# Source data

----------------------------------------

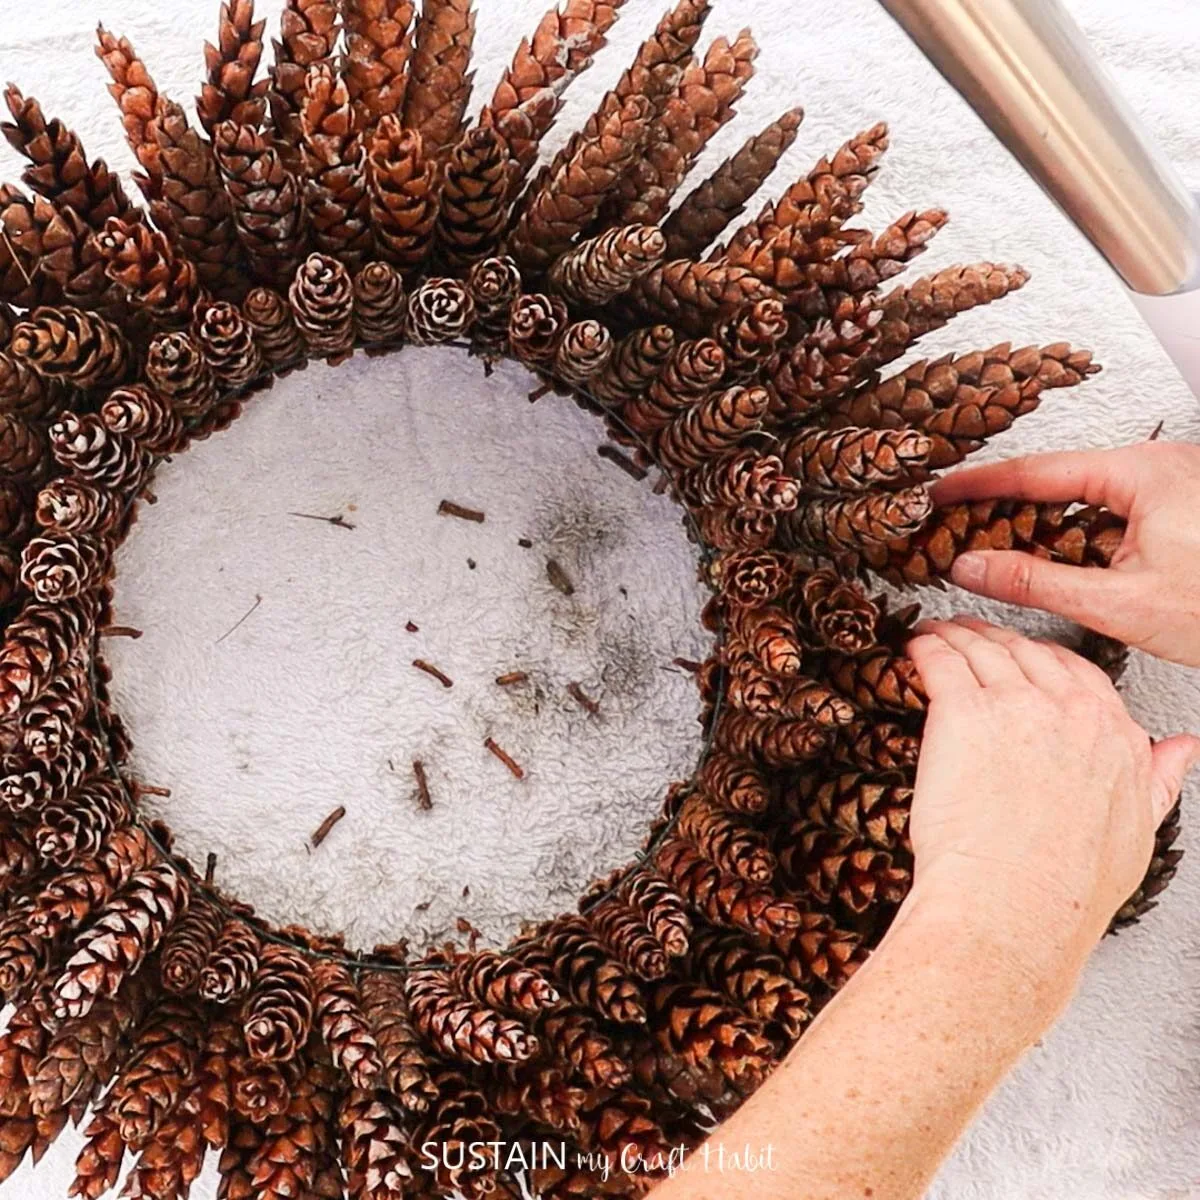 Adding the last pinecone to the wreath.
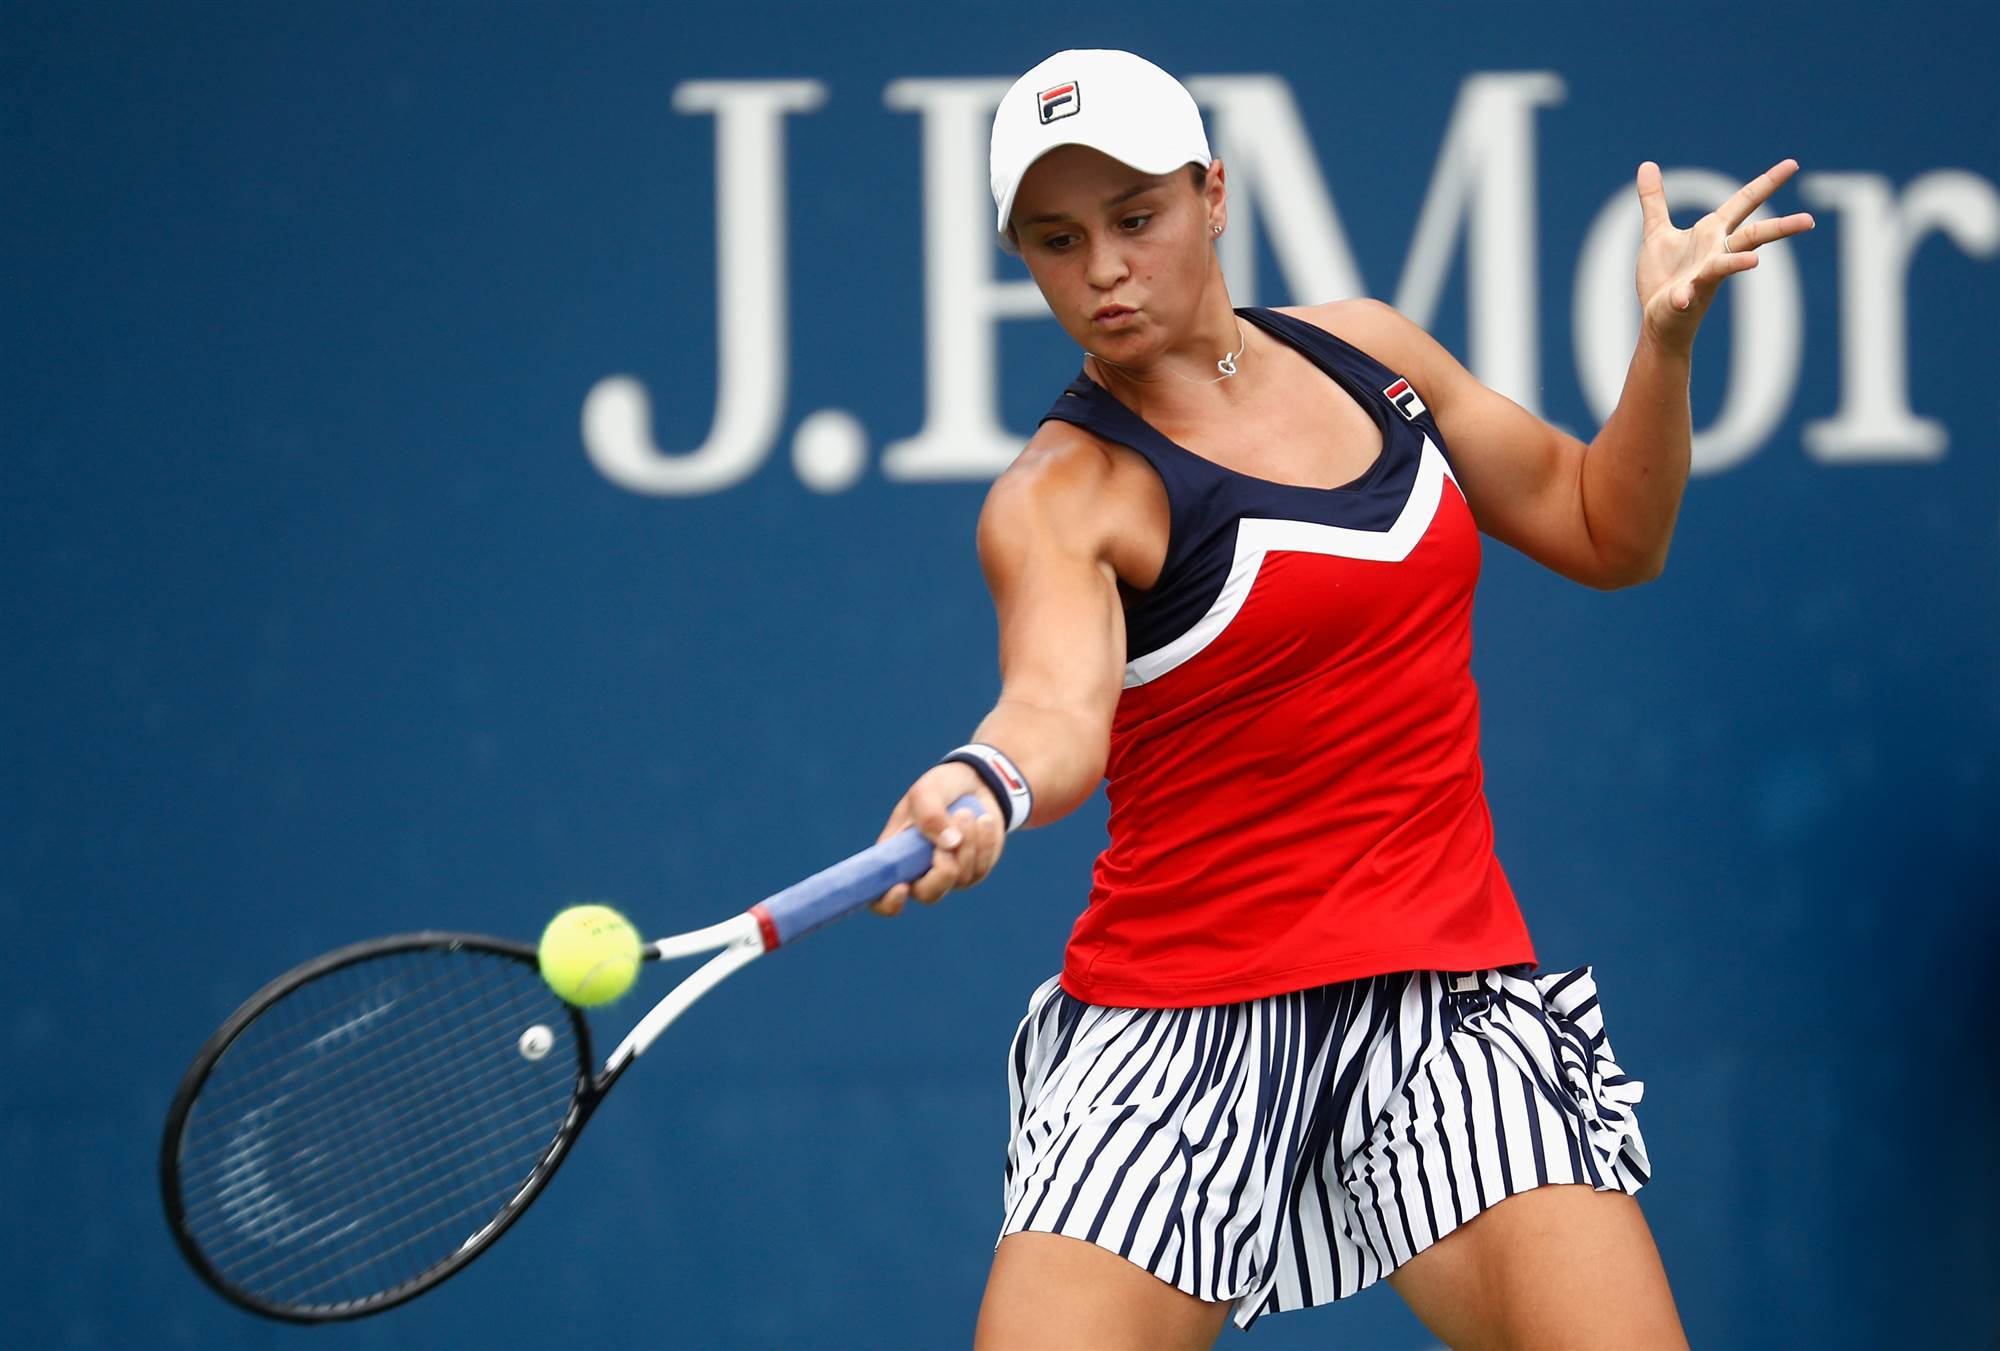 Barty's US Open singles campaign ends Tennis The Women's Game
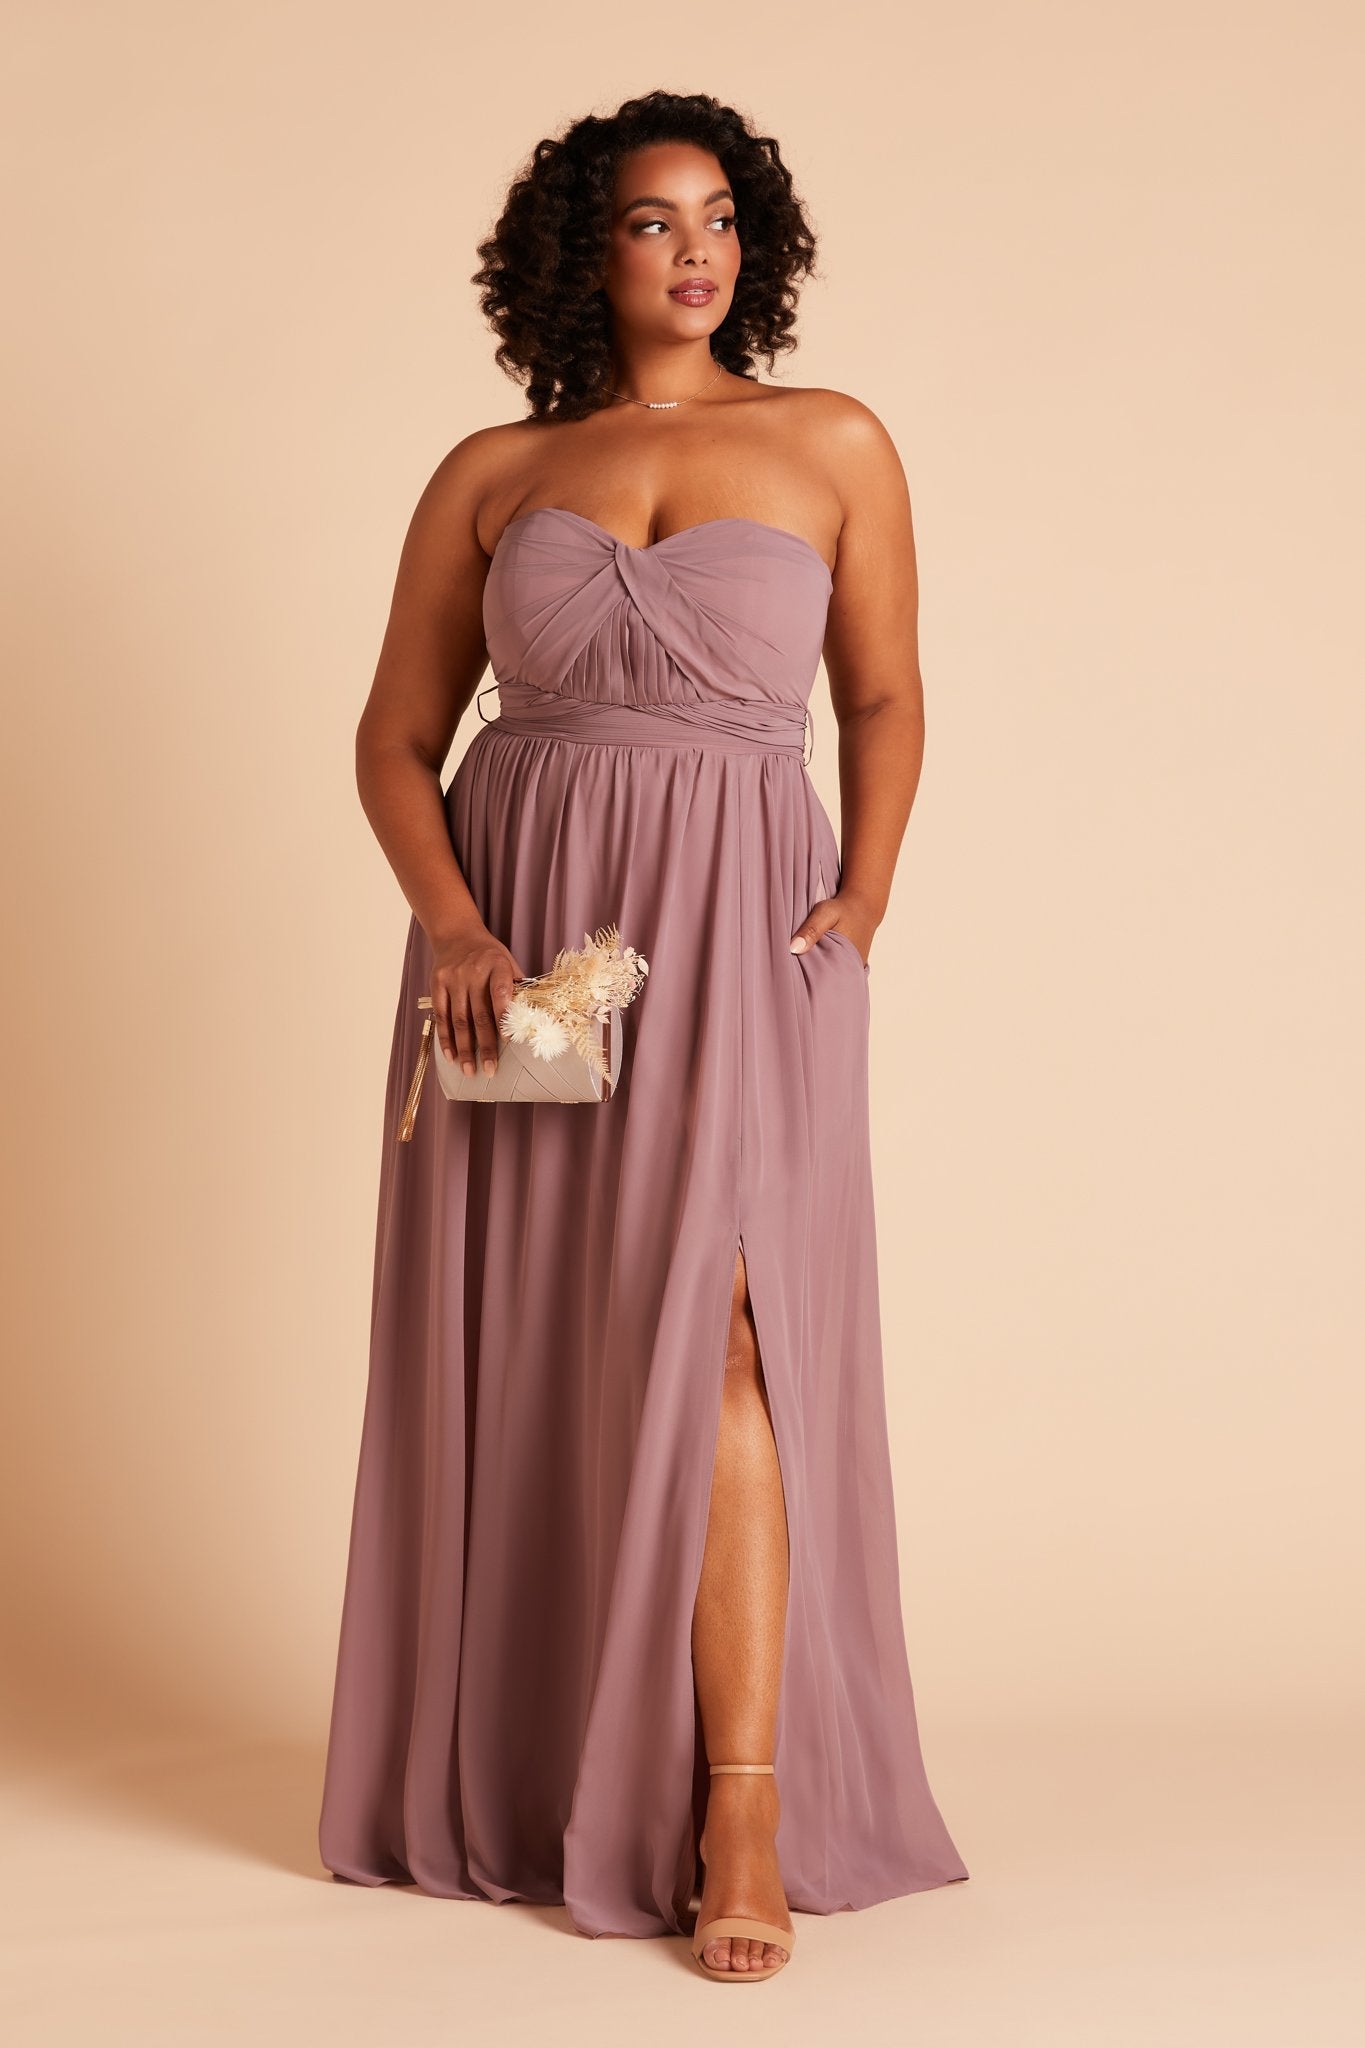 Grace convertible plus size bridesmaid dress with slit in dark mauve chiffon by Birdy Grey, front view with hand in pocket

----------------------------------------

# Task requirements
Your job is to repeat the data exactly, leaving each picture out.

# Output of the task
 Adding the last pinecone to the wreath.
 Barty's US Open singles campaign ends Tennis The Women's Game
 Grace convertible plus size bridesmaid dress with slit in dark mauve chiffon by Birdy Grey, front view with hand in pocket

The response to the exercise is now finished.